What type of PR is this?

/kind bug
/kind api-change

What this PR does / why we need it:

When Guaranteed QoS Class Pod scale up and down with Static CPU management policy alongside InPlacePodVerticalScaling, the additional CPUs should near the existed CPUs.

This proposal consider existed CPUs in topology manager, that means before allocate additional CPUs, we can selecte the prefer numa nodes which near the existed CPUs (allocated CPUs).
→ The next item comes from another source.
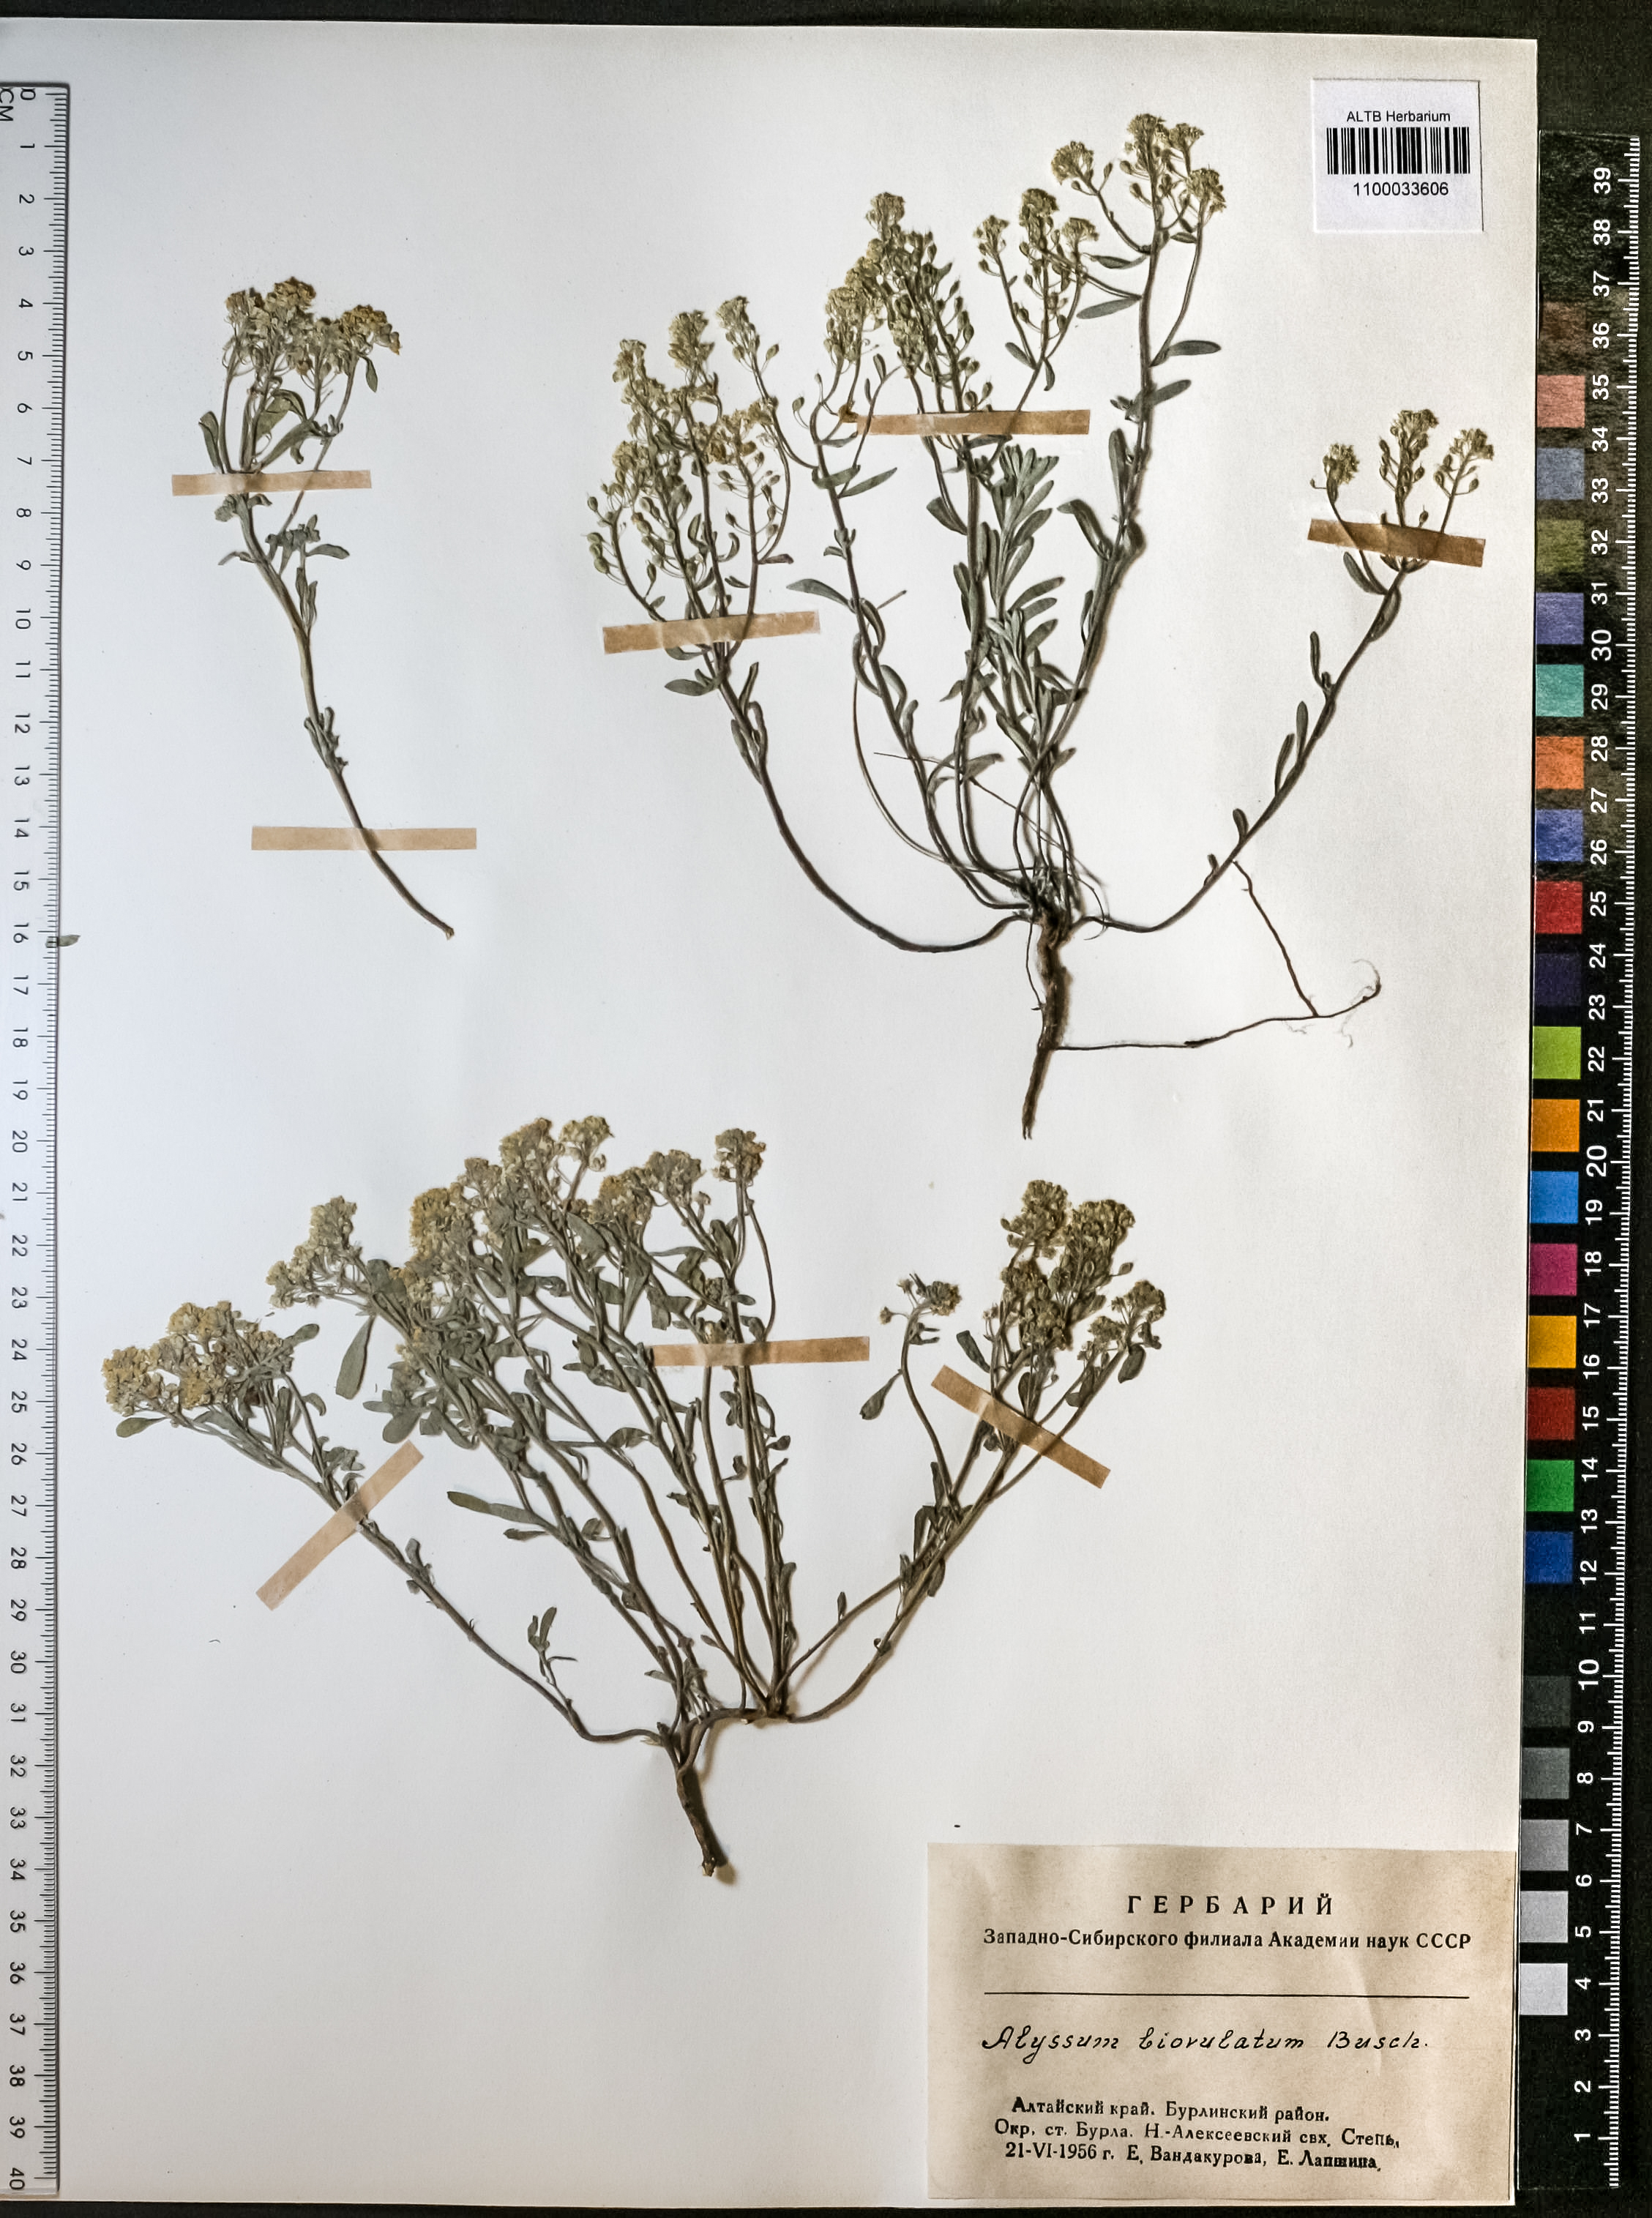 Alyssum biovulatum N.Busch
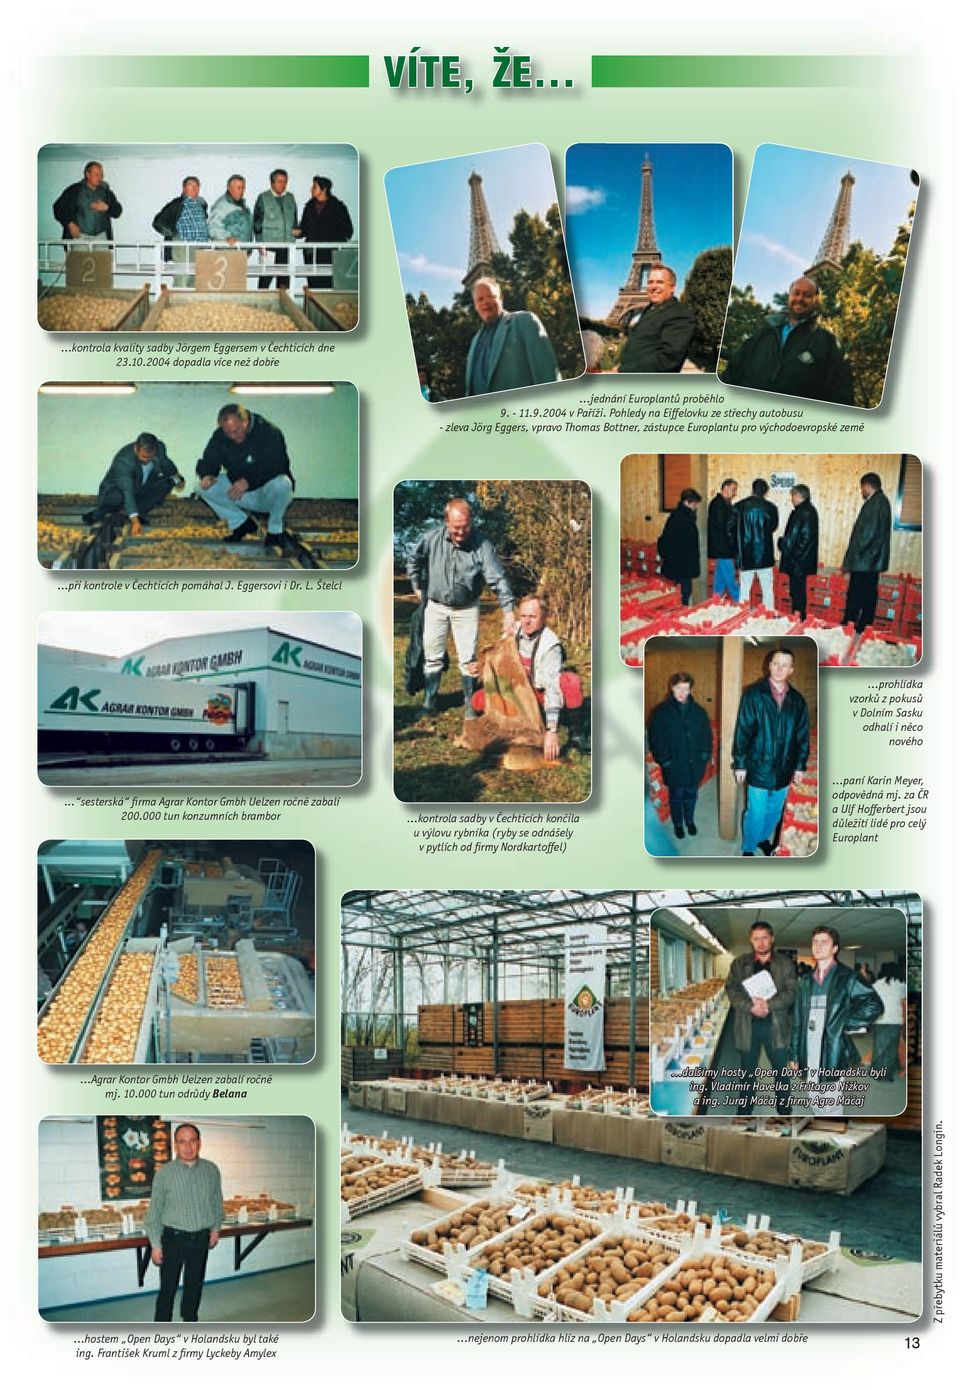 ..prohlídka vzorků z pokusů v Dolním Sasku odhalí i něco nového... sesterská firma Agrar Kontor Gmbh Uelzen ročně zabalí 200.000 tun konzumních brambor.

There are two scope, container scope and pod scope.

For container scope:

  • When container scale up,

    If allocated CPUs number + reusable CPUs number > request CPU number of the container, that means the reusable CPU is enough to allocate additional CPUs, so topologyHint generation based on the reusable CPUs, and allocated CPUs (existed CPUs).
    image

    If allocated CPUs number + reusable CPUs number < request CPU number of the container, that means all of the reusable CPU will allocate to this container, and the remaining CPUs will be allocated from available CPUs, topologyHint generation based on the available CPUs, and allocated CPUs + reusable CPUs.
    image

Note: the reusable CPU will be first to allocate to the resize container in kubernetes#131966.

  • When container scale down, topologyHint generation based on the allocated CPUs and the promised CPUs.
    image

For pod scope:
A lot of containers may scale up and scale down at the same time, and the order of scale up and down uncertain, so the topologyHint generation based on the available CPUs and pod assigned CPUs + reusable CPUs whether it scale up and down.

Similar purpose with #3, but the difference is this is handled in CPU manager for previous, and this proposal is more simple as discussed in kubernetes#129719 (comment).

This implement is based on the code of kubernetes#129719, and kubernetes#131966.

Further Thinking
Should we need to consider below cases?
image
The reserved CPUs are {0,10}, the available CPU is {9,19}.
There are 2 containers of 1 pod, every container have 8 CPUs.
When container 0 scale up from 8 → 14, and container 1 scale down from 8 → 2 at the same time, it will failed because the container 0 scale up first, and there are not enough CPUs, and the container1 will not resize anymore.

The first proposal is: For every resource (CPU and memory), handle scale down resource first, and scale up resource later.
The Detail Design:
In Admit function of None Scope / Container Scope / Pod Scope, for previous code, there are only one loop to process all containers, and the process order as defined in the yaml feil.
Add another container loop.

  1. In the first Loop, process all device, CPU and memory allocate when Pod creation. process CPU and memory scale down, process no scaling case like kubelet restart.
  2. In the second loop, process CPU and memory scale up.

[Update]
The second proposal is: If one container allocate resource failed, continue to allocate resource to other containers.
==> For this case solved by second proposal the process like: In first resize round, the container 0 failed and container 1 success. In second resize round, the container 0 success.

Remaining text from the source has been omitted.